RECORDS FOR THE TASK:
>>>>>
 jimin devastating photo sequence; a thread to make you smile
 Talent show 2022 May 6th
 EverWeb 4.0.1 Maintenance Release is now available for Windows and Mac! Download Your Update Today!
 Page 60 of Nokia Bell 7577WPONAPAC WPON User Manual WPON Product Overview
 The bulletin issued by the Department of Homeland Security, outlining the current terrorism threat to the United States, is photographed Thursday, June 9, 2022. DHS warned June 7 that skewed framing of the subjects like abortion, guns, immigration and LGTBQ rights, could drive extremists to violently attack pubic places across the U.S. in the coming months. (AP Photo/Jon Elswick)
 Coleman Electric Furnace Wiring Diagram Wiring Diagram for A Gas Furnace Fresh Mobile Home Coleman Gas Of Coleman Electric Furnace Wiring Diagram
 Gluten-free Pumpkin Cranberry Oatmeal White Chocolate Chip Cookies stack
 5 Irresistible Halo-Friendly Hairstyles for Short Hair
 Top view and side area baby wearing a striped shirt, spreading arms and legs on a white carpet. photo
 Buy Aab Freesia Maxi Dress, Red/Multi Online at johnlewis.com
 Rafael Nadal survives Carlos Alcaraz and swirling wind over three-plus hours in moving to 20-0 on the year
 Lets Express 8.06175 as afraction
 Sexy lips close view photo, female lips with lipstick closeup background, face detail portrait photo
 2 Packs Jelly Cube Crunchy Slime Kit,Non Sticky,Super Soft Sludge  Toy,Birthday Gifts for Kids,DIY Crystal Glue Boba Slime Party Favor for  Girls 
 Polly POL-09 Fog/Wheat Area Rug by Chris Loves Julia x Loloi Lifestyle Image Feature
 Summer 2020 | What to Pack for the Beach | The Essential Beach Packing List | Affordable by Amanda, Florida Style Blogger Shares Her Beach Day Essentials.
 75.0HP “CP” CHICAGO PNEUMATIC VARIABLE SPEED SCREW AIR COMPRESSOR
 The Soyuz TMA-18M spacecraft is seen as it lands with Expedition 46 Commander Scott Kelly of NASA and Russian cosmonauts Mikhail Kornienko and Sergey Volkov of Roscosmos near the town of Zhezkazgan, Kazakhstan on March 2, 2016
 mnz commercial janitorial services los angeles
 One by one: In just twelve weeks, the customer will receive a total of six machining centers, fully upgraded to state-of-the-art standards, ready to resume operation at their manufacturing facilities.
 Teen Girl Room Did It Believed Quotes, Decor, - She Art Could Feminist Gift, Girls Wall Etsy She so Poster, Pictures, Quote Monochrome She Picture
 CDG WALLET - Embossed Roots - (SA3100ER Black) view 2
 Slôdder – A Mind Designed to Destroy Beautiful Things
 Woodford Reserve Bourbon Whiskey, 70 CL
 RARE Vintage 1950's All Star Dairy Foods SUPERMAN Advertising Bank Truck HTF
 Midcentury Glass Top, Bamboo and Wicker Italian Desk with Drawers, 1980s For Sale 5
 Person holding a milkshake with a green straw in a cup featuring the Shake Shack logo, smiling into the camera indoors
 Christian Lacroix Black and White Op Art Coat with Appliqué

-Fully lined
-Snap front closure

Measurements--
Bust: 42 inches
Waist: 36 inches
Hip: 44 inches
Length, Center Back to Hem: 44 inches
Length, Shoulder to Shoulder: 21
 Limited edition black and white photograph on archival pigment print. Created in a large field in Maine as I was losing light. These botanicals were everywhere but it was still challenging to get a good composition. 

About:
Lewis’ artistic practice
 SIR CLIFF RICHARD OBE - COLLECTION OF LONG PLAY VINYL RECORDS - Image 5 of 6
<<<<<
PROBLEM TO WORK ON: Go through the material above and output exactly the lines from the one containing "5 Irresistible Halo-Friendly" through the one containing "mnz commercial janitorial".

WRITTEN SOLUTION:
 5 Irresistible Halo-Friendly Hairstyles for Short Hair
 Top view and side area baby wearing a striped shirt, spreading arms and legs on a white carpet. photo
 Buy Aab Freesia Maxi Dress, Red/Multi Online at johnlewis.com
 Rafael Nadal survives Carlos Alcaraz and swirling wind over three-plus hours in moving to 20-0 on the year
 Lets Express 8.06175 as afraction
 Sexy lips close view photo, female lips with lipstick closeup background, face detail portrait photo
 2 Packs Jelly Cube Crunchy Slime Kit,Non Sticky,Super Soft Sludge  Toy,Birthday Gifts for Kids,DIY Crystal Glue Boba Slime Party Favor for  Girls 
 Polly POL-09 Fog/Wheat Area Rug by Chris Loves Julia x Loloi Lifestyle Image Feature
 Summer 2020 | What to Pack for the Beach | The Essential Beach Packing List | Affordable by Amanda, Florida Style Blogger Shares Her Beach Day Essentials.
 75.0HP “CP” CHICAGO PNEUMATIC VARIABLE SPEED SCREW AIR COMPRESSOR
 The Soyuz TMA-18M spacecraft is seen as it lands with Expedition 46 Commander Scott Kelly of NASA and Russian cosmonauts Mikhail Kornienko and Sergey Volkov of Roscosmos near the town of Zhezkazgan, Kazakhstan on March 2, 2016
 mnz commercial janitorial services los angeles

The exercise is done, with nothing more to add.